▸ About this exercise: All of the data must be output exactly, with every picture left out.

▸ Dataset excerpt:
____________________

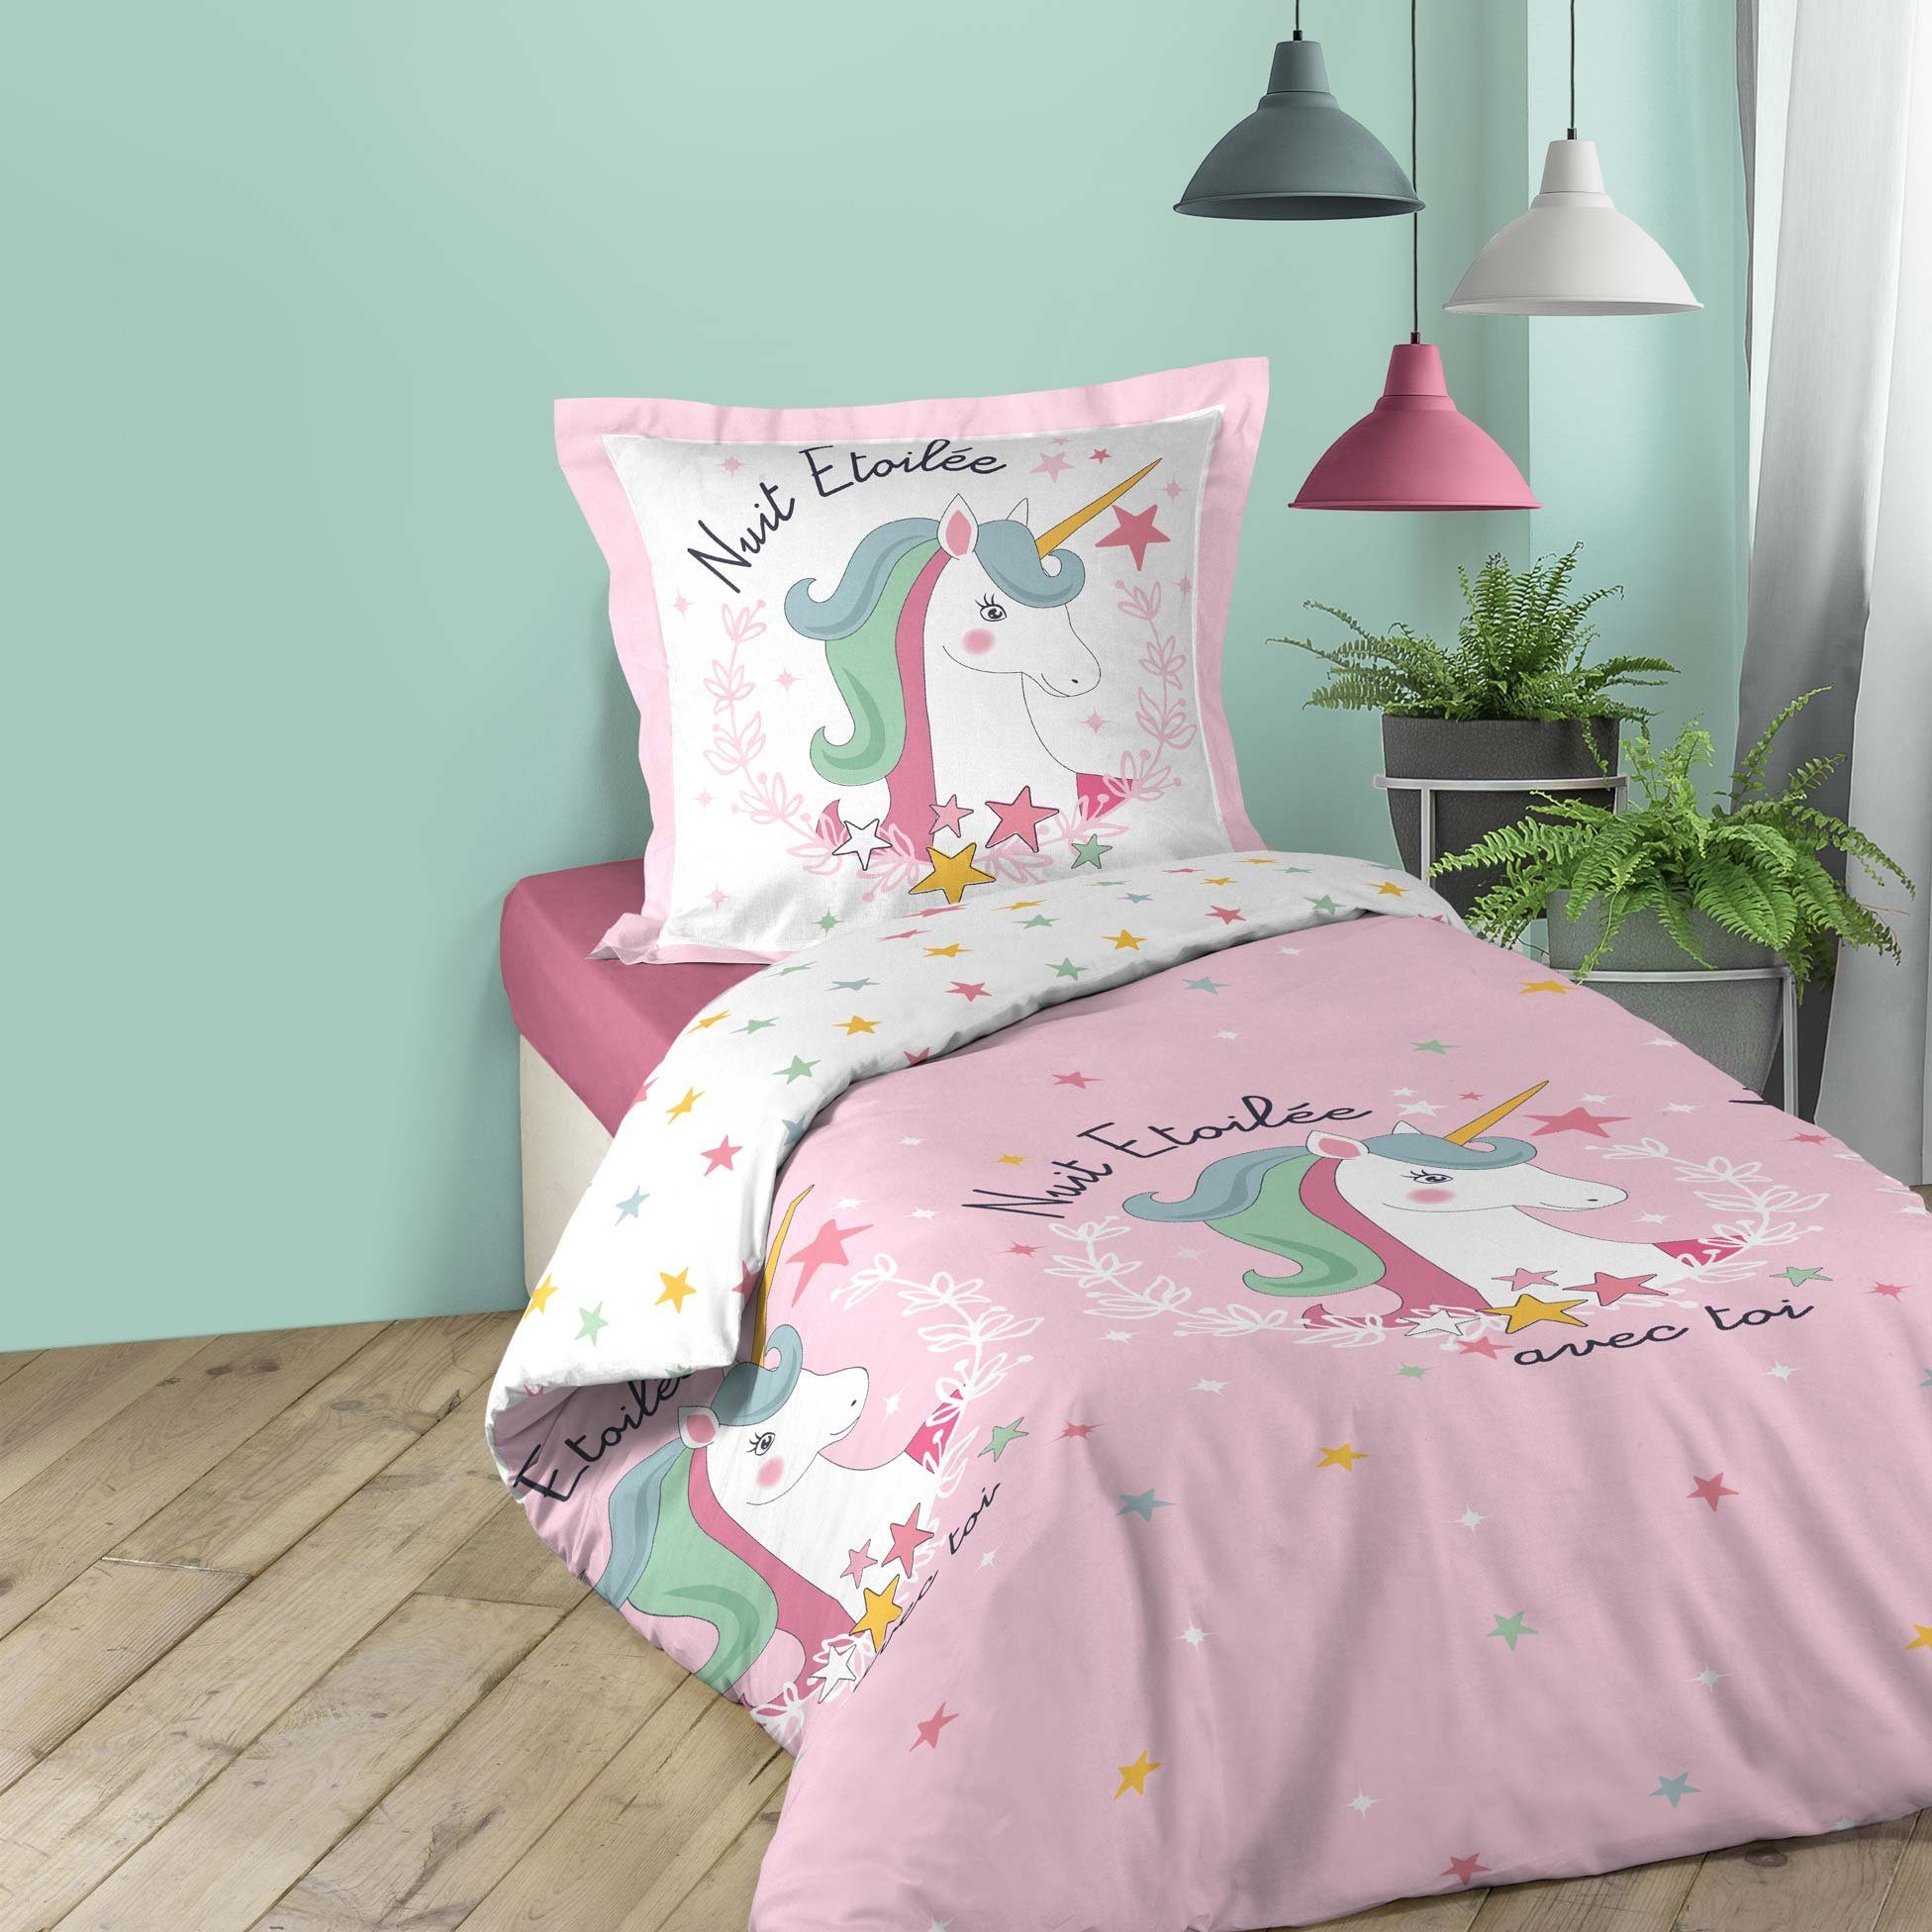 Kinderbettwäsche, dynamic24, 2tlg. Mädchen Bettwäsche 140x200cm Einhorn  Baumwolle Bettdecke Bettgarnitur rosa online kaufen | OTTO
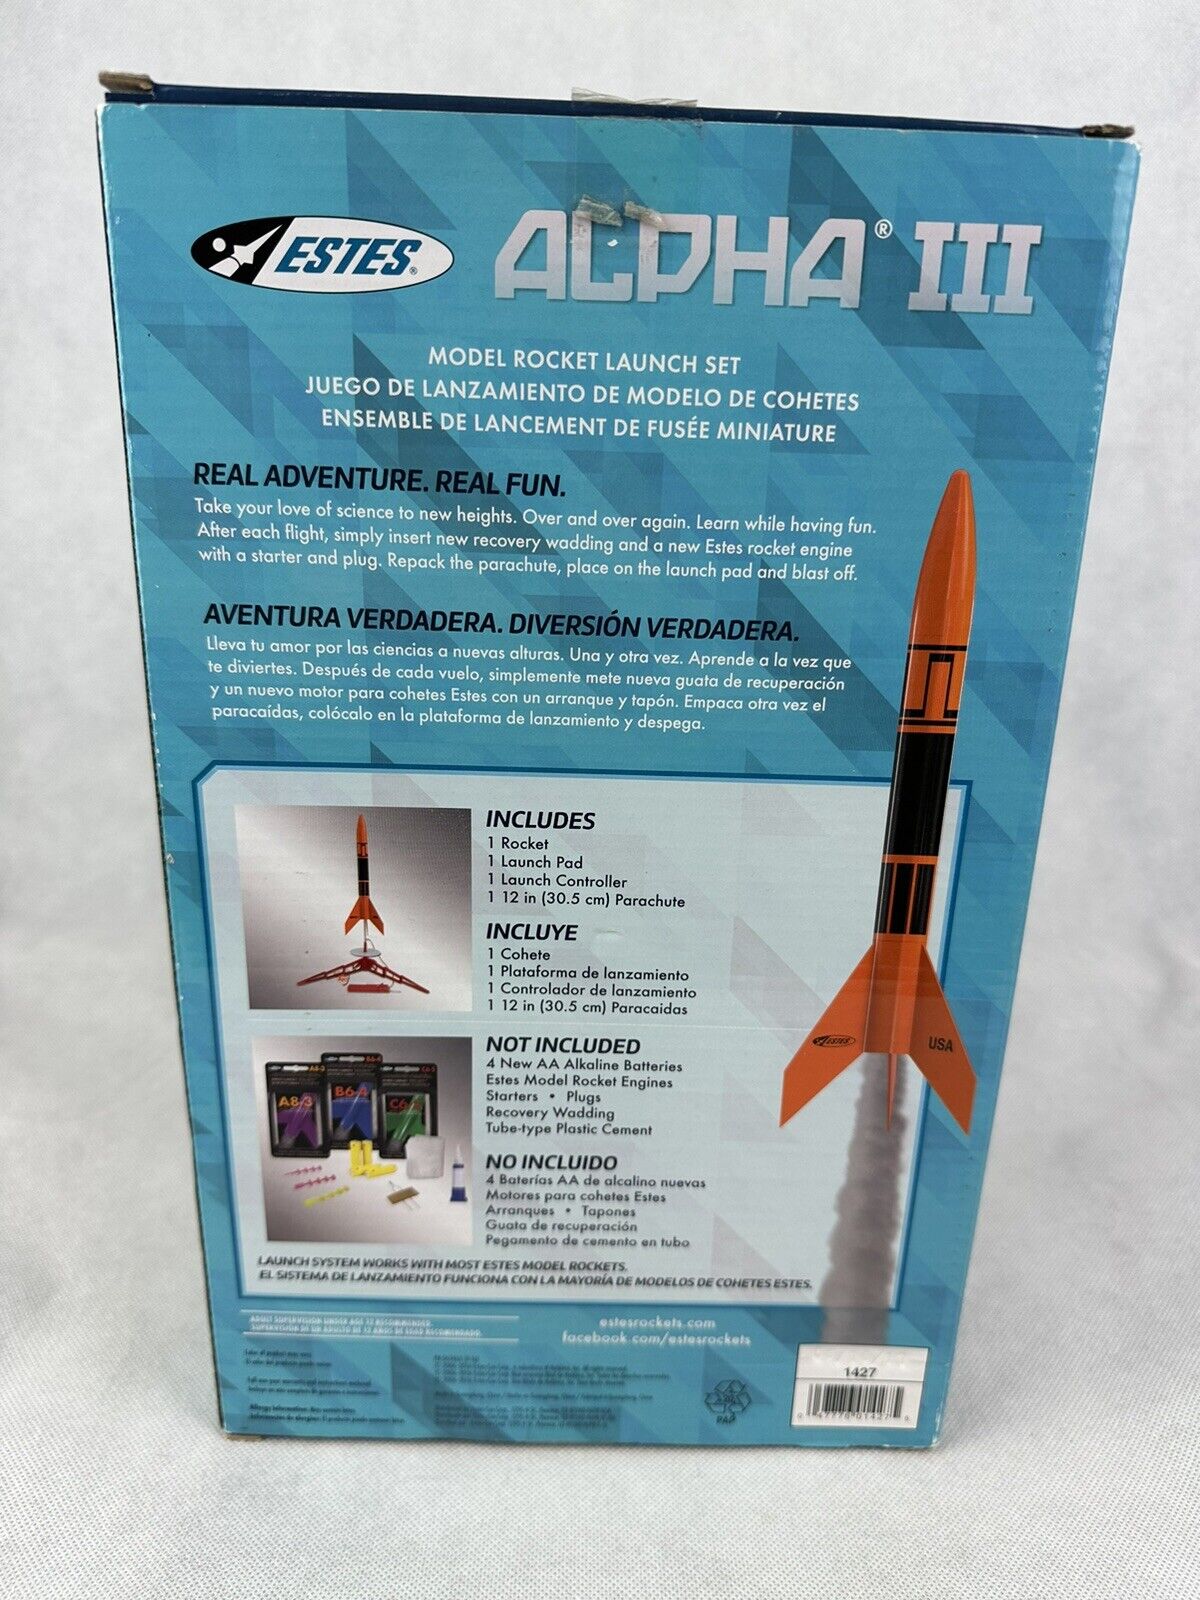 Estes Alpha III Flying Model Rocket Launch Set 1427 New Open Box Estes Rockets 451212 - фотография #3
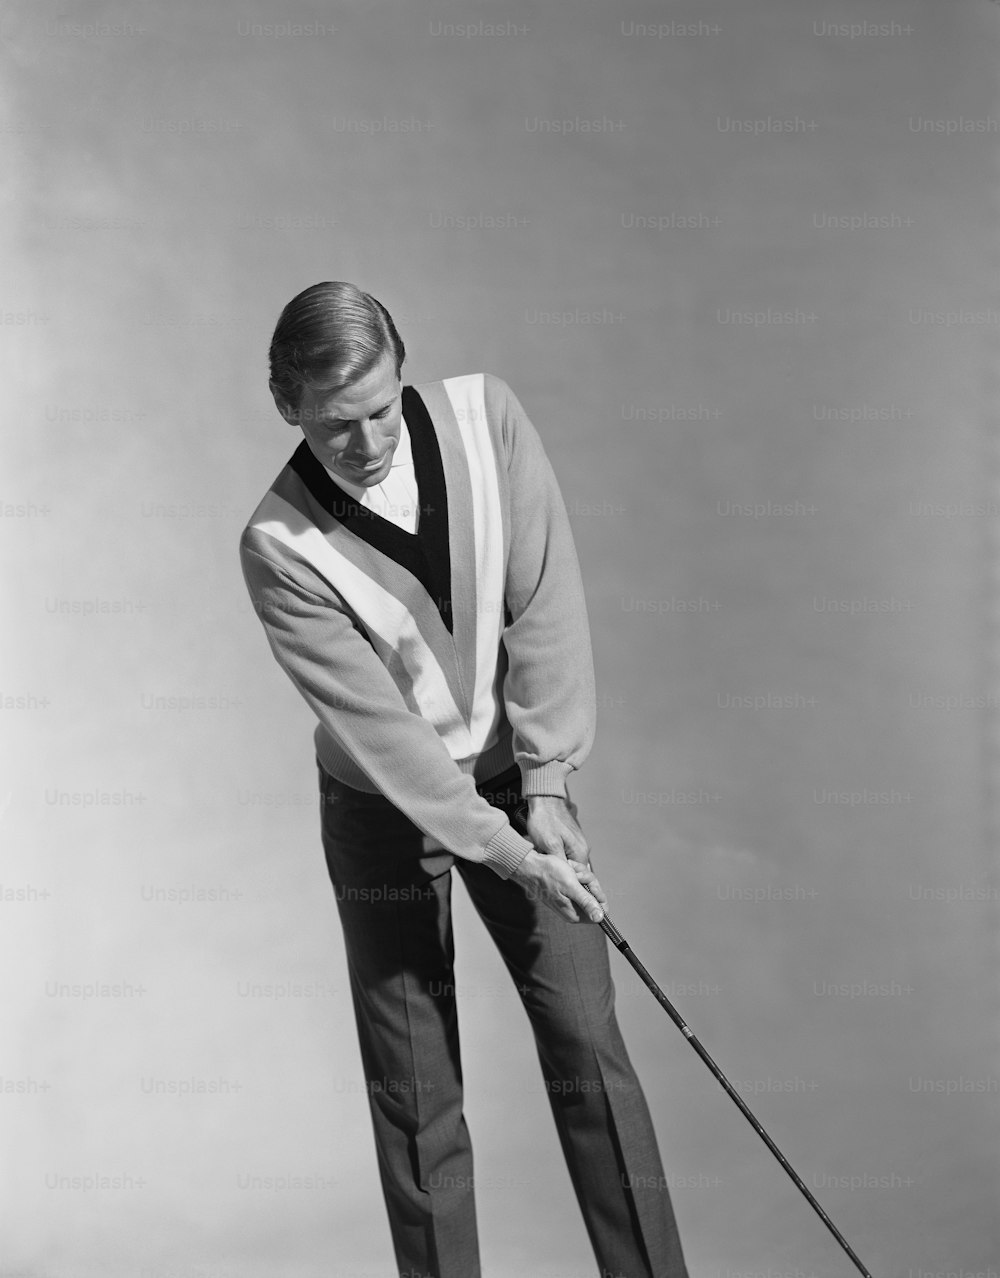 Un uomo che tiene una mazza da golf nella mano destra

____________________

▸ Answer to the exercise:
 Kinderbettwäsche, dynamic24, 2tlg. Mädchen Bettwäsche 140x200cm Einhorn  Baumwolle Bettdecke Bettgarnitur rosa online kaufen | OTTO
 Estes Alpha III Flying Model Rocket Launch Set 1427 New Open Box Estes Rockets 451212 - фотография #3
 Un uomo che tiene una mazza da golf nella mano destra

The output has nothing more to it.